START The records

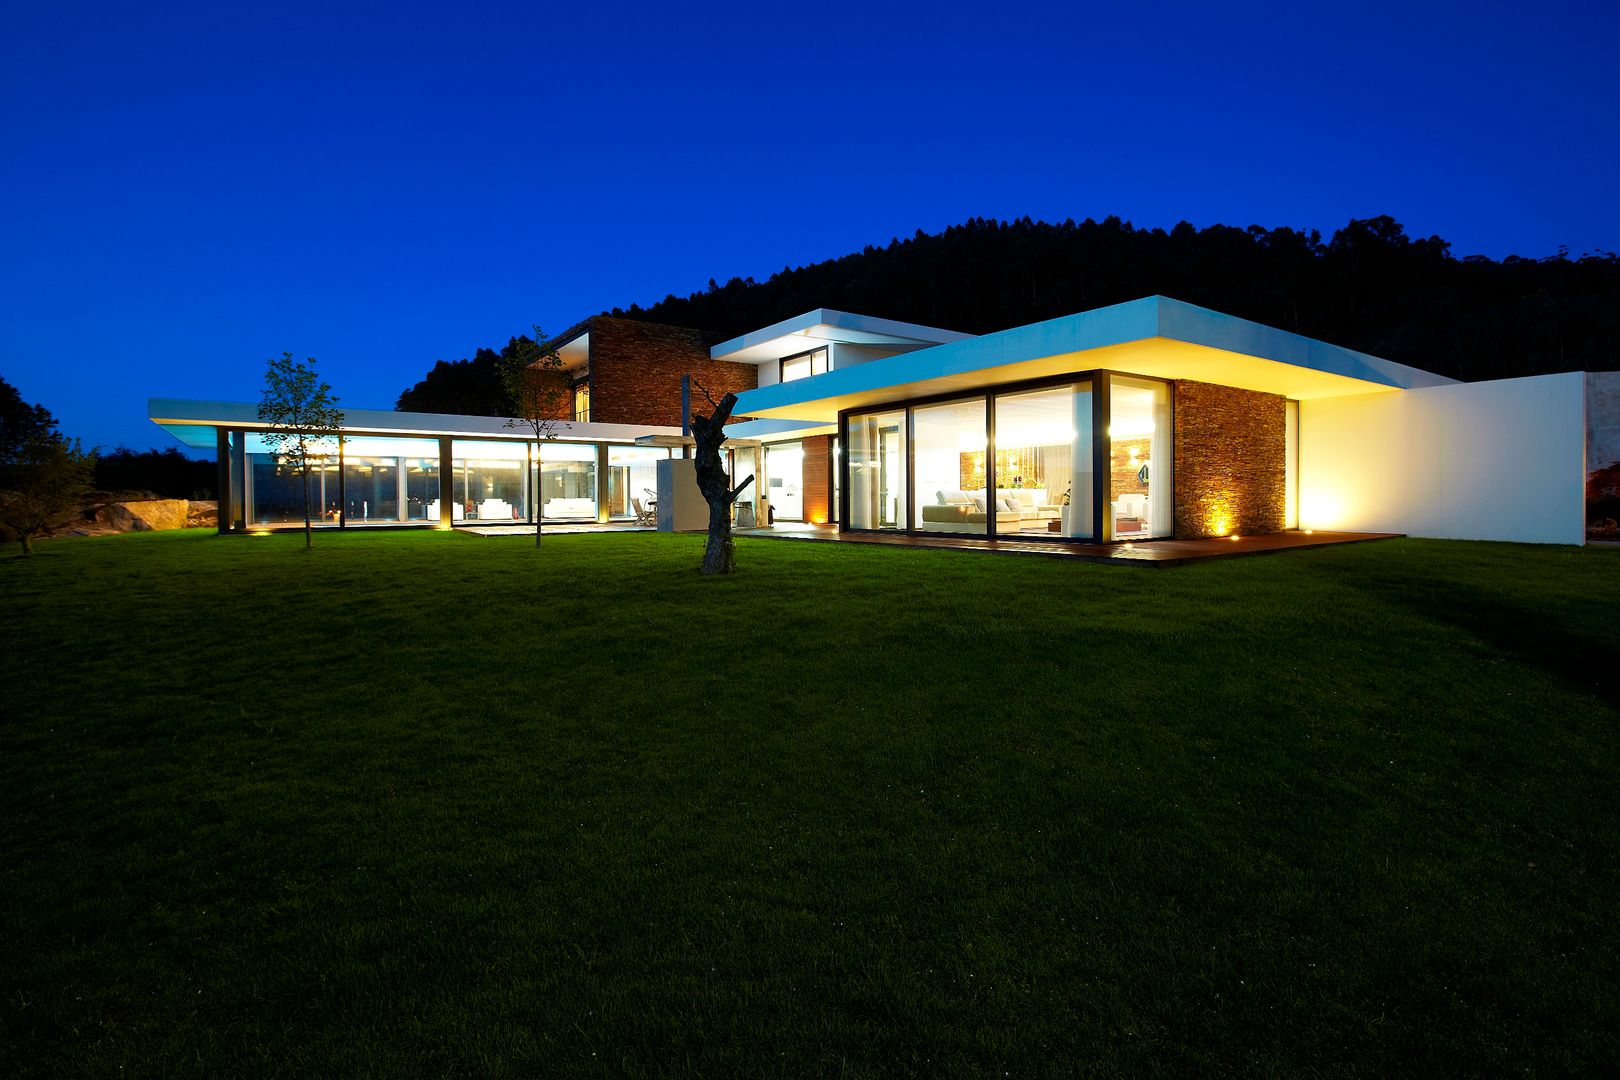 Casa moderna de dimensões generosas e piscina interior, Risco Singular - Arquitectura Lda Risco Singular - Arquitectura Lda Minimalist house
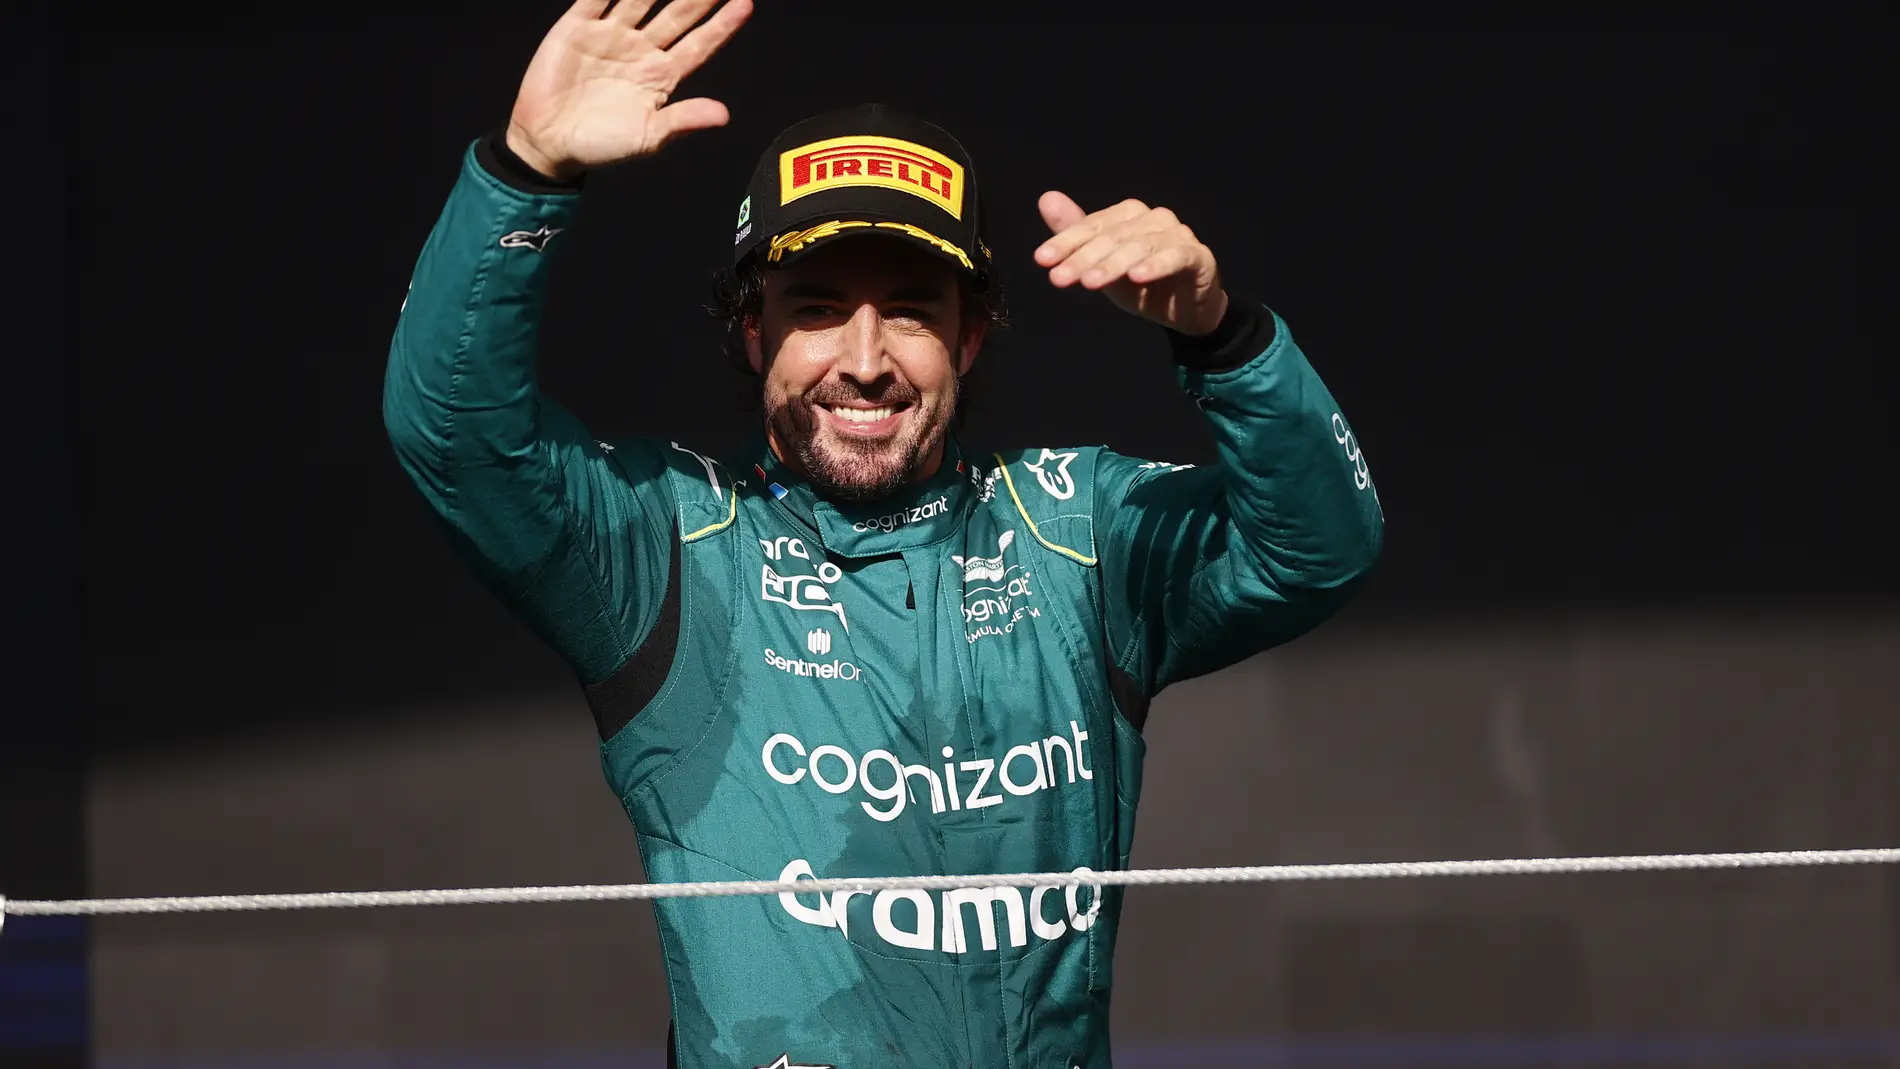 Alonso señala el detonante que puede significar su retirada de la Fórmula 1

END The records
START The records

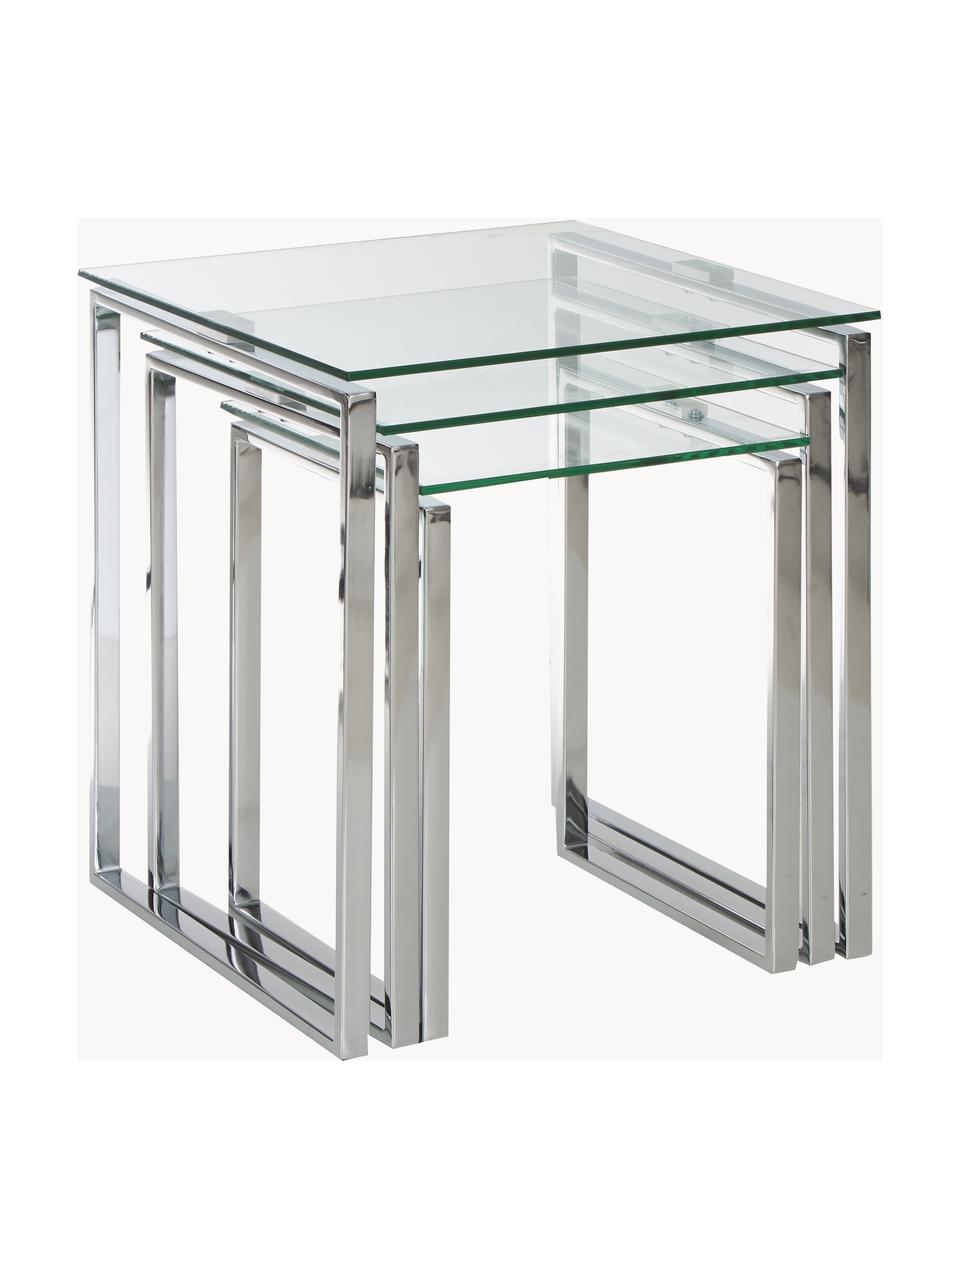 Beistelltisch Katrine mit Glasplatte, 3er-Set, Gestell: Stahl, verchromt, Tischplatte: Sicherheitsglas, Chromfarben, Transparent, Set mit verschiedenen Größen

END The records

- To do -
Above are entries with pictures among them. Write out exactly the lines from the one containing "Casa moderna de" through the one containing "Alonso señala el", ends included, and leave those pictures out.

- Exercise output -
 Casa moderna de dimensões generosas e piscina interior, Risco Singular - Arquitectura Lda Risco Singular - Arquitectura Lda Minimalist house
 Alonso señala el detonante que puede significar su retirada de la Fórmula 1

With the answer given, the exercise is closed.